[comp.lang.perl] problem redirecting STDOUT to pipe

vsh@etnibsd.UUCP (Steve Harris) (07/13/90)

Perlers,

	[ I am running perl 3.0, patchlevel 15 (our netfeed has been
	down for a while).  If this problem has been fixed in a more
	recent patch, please let me know. ]


Abstract: Consider the following perl fragments:

=-=-=-=-=-=-=-=-=-=-=-=-=-=-=-=-=-=-=-=-=-=-=-=-=-=-=-=-=-=-=-=-=-=-=-=-

	print STDERR "before: fileno(STDOUT) = ", fileno(STDOUT), "\n";
	open(STDOUT, ">foo");
	print STDERR "after:  fileno(STDOUT) = ", fileno(STDOUT), "\n";
result:
	before: fileno(STDOUT) = 1
	after:  fileno(STDOUT) = 1

=-=-=-=-=-=-=-=-=-=-=-=-=-=-=-=-=-=-=-=-=-=-=-=-=-=-=-=-=-=-=-=-=-=-=-=-

	print STDERR "before: fileno(STDOUT) = ", fileno(STDOUT), "\n";
	open(STDOUT, "| dd of=foo");
	print STDERR "after:  fileno(STDOUT) = ", fileno(STDOUT), "\n";
result:
	before: fileno(STDOUT) = 1
	after:  fileno(STDOUT) = 3

=-=-=-=-=-=-=-=-=-=-=-=-=-=-=-=-=-=-=-=-=-=-=-=-=-=-=-=-=-=-=-=-=-=-=-=-

In the first case, re-opening STDOUT preserves the original fileno, in
the second, it does not.  Why?  Is the way it should behave?


The Whole Story:

I'm writing a (table-driven) script to do backups to an Exabyte tape
drive.  I'm using John Gilmore's public domain tar (which we call
gnutar), which can read the list of files to be archived from stdin.
For the moment, all systems are NFS mounted and treated as part of a
vast virtual filesystem.

I use find to generate the list of files -- depending on conditions,
the archive will be full or incremental.  For incremental backups, I
use "find -newer timestamp_file" to generate the list of files; the
timestamp_file is touch'ed when a full backup is done.
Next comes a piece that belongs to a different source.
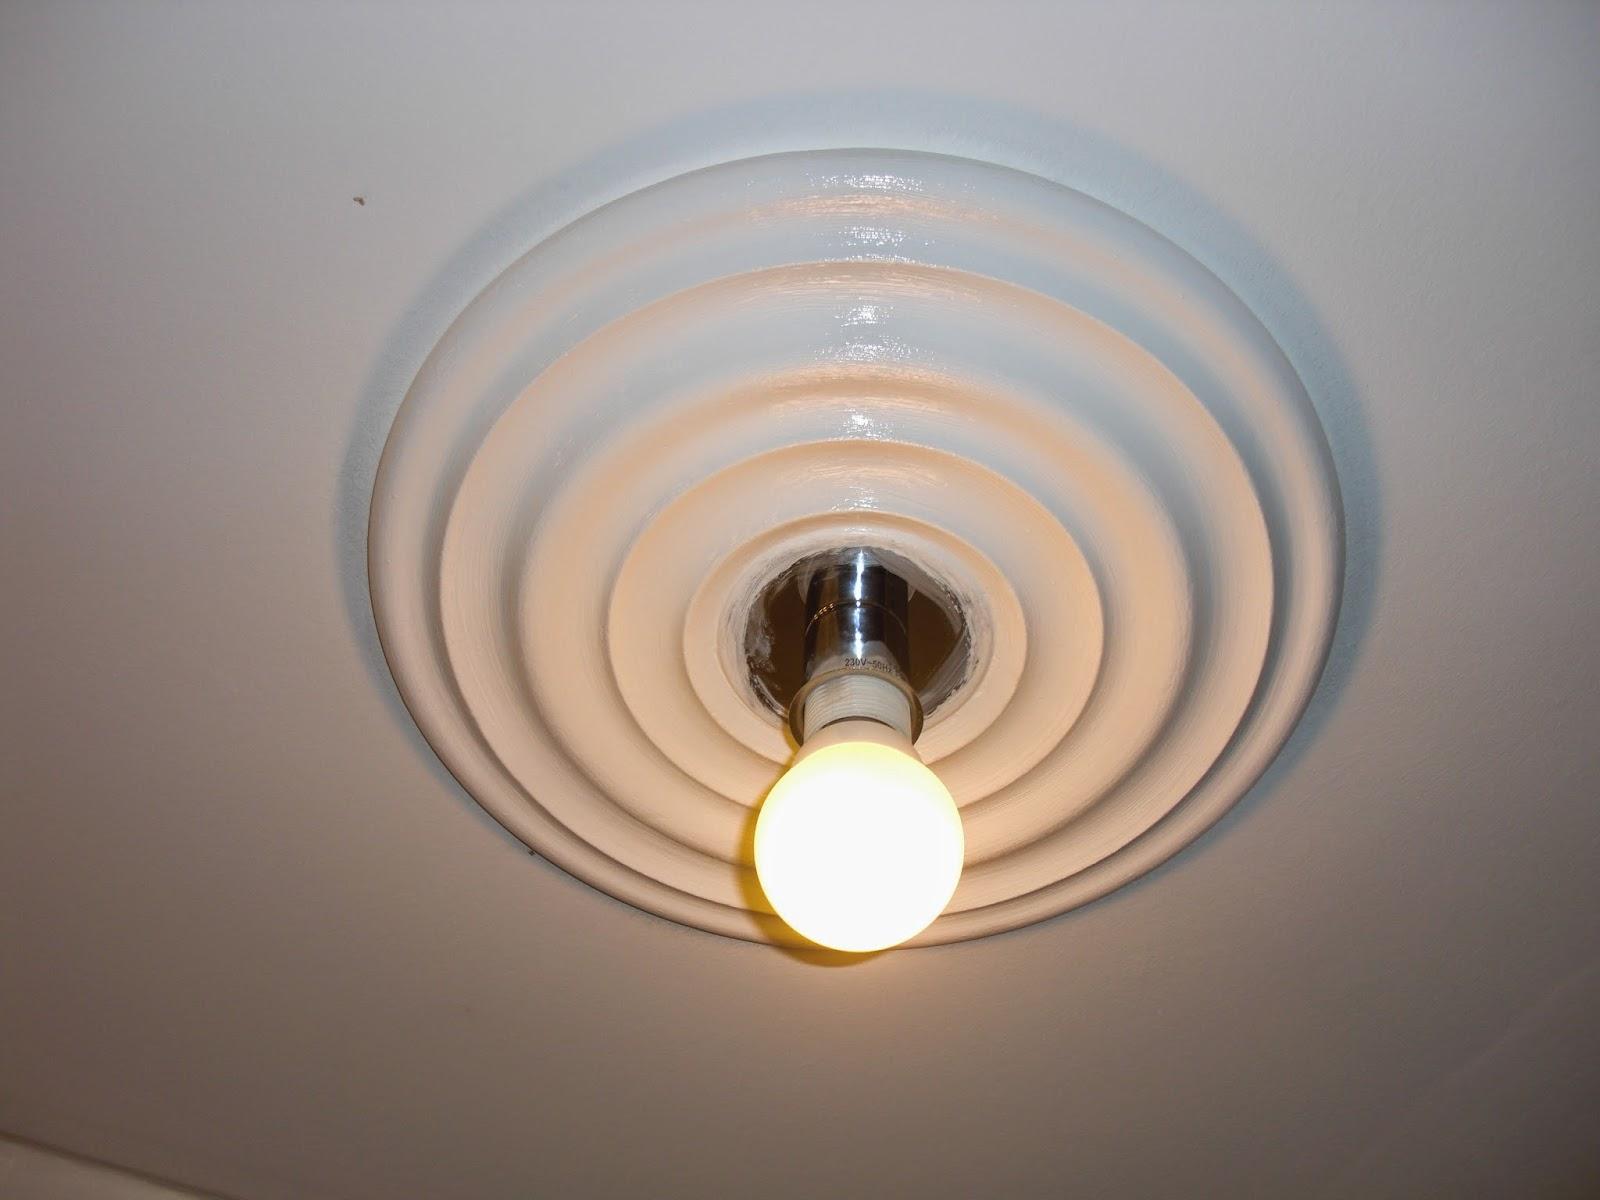 Stuck Rosette Für Lampen stuckrosette styropor lampe: stuckrosetten styropor rosetten für
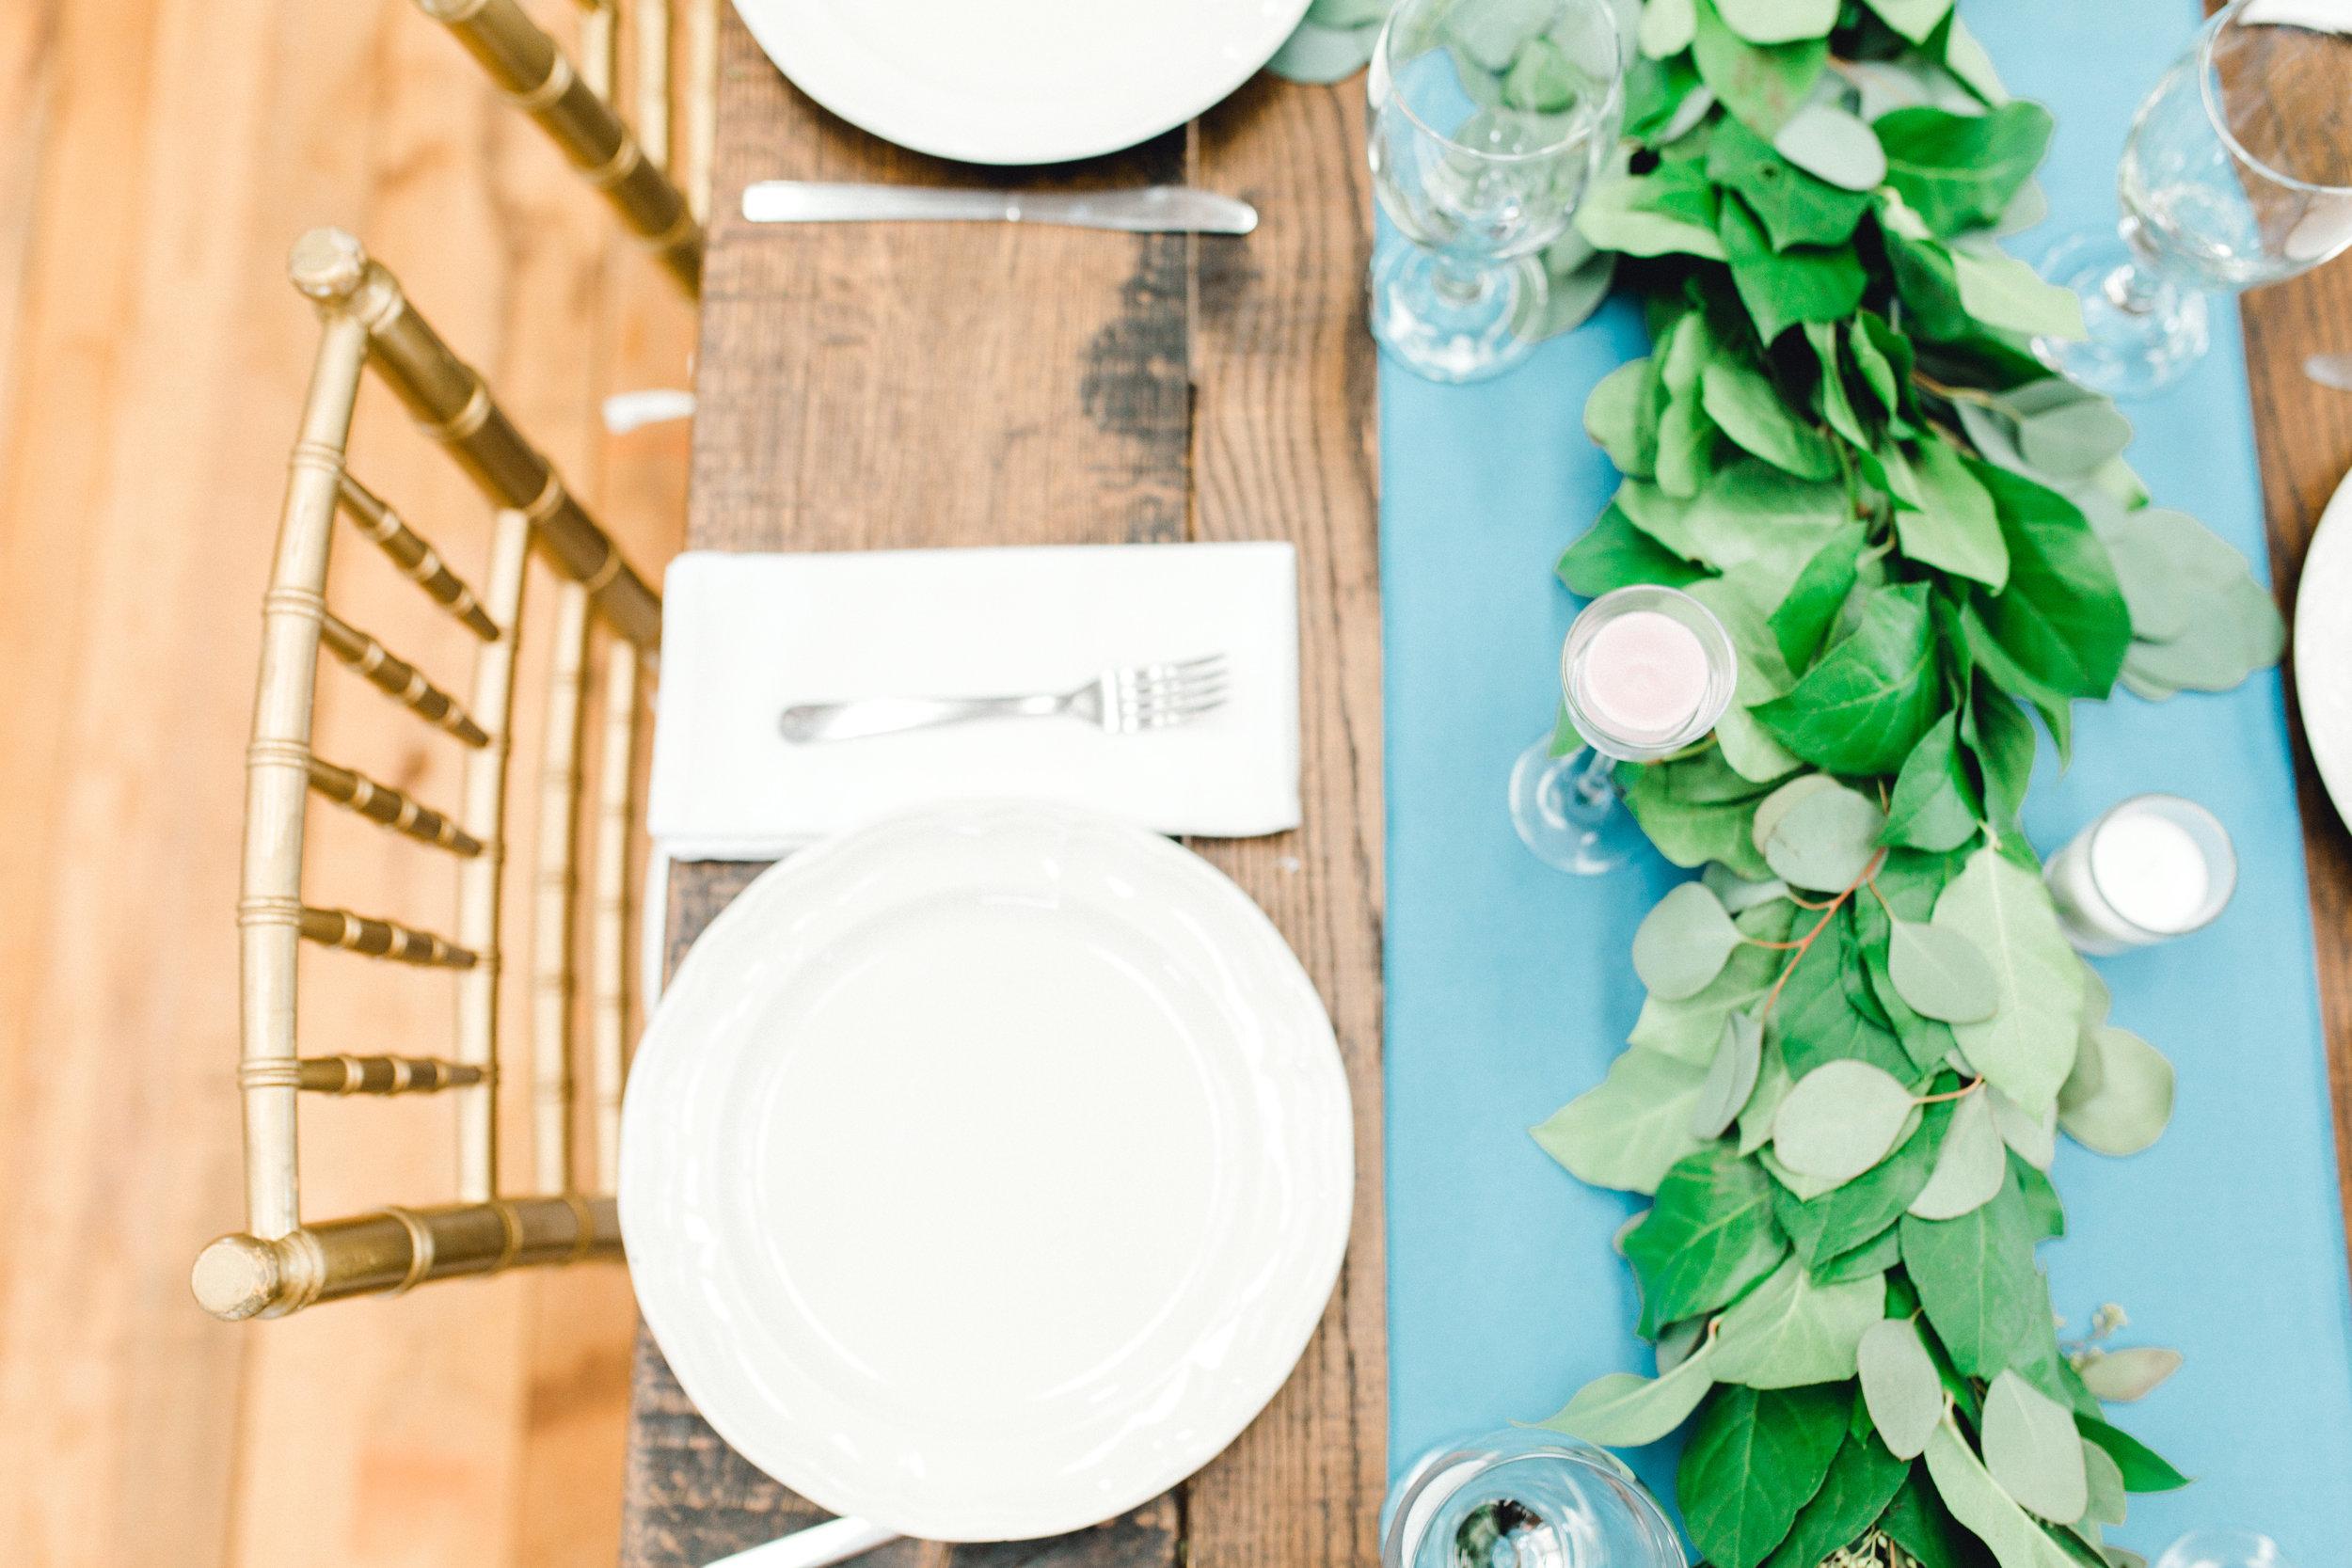 Paige-Mercer-Photography-Florida-Wedding-Photographer-Alyssa&Drew-123.jpg

I use bdd, a program from Delta Microsystems (from whom we purchased
our Exabyte), to write to the tape.  Bdd is based on dd, but allows you
to specify both a "bs" parameter (as in dd) and a "odbs" parameter, the
"output device block size".  When bdd processes its final chunk of
data, if that chunk is less than bs bytes, it will write that chunk out
in odbs blocks.  With normal dd, the final chunk is null-padded to bs
bytes.  If bs is 1 Mb, that can be a lot of nulls.

Each partition of each system is handled independently.  E.g., you
could have a full backup of the root partition and an incremental
backup of the /usr partition.  There is a separate timestamp_file in
the root directory of each partition.

Since tape filemarks on the Exabyte are costly (2+ MB, as I recall),
the entire archive for each system is written to a single tape file.
This file is prefixed with a (1024-byte) header describing the contents
of the tar saveset (date, system name; for each partition: type (full
or incremental) and the mod date of the timestamp file.

[ When I get the script working, I'll publish it to the net. ]


Here's an outline of the script (without error checking):

...;	# rewind tape
foreach $sys (@sys_list) {
	...;	# construct partition_list for this sys
	...;	# construct header for this sys
	$pid = open(TAR, "|-");
	if ($pid == 0) {	# child
		open(STDOUT, "| bdd of=$TAPE bs=$bs odbs=$odbs");
		print STDOUT $header;
		exec "gnutar -cvf - -T - -b 1";
	}
	# parent
	foreach $partition (@partition_list) {
		...;	# construct find_args for this sys/partition
		open(FIND, "find $find_args |");
		while (<FIND>) {
			...;		# cannonicize file name
			print TAR $_;	# pass file name to gnutar
		}
	}
	close TAR;	# wait for child to complete
}
...;	# rewind tape


As written above, the script won't work because gnutar has not
inherited the pipe on its stdout.  The "open(STDOUT, ...);" does not
associate file descriptor 1 with the pipe, it just reassigns the name
"STDOUT" to some other file descriptor.  Within perl that's fine, but
gnutar still thinks stdout is file descriptor 1.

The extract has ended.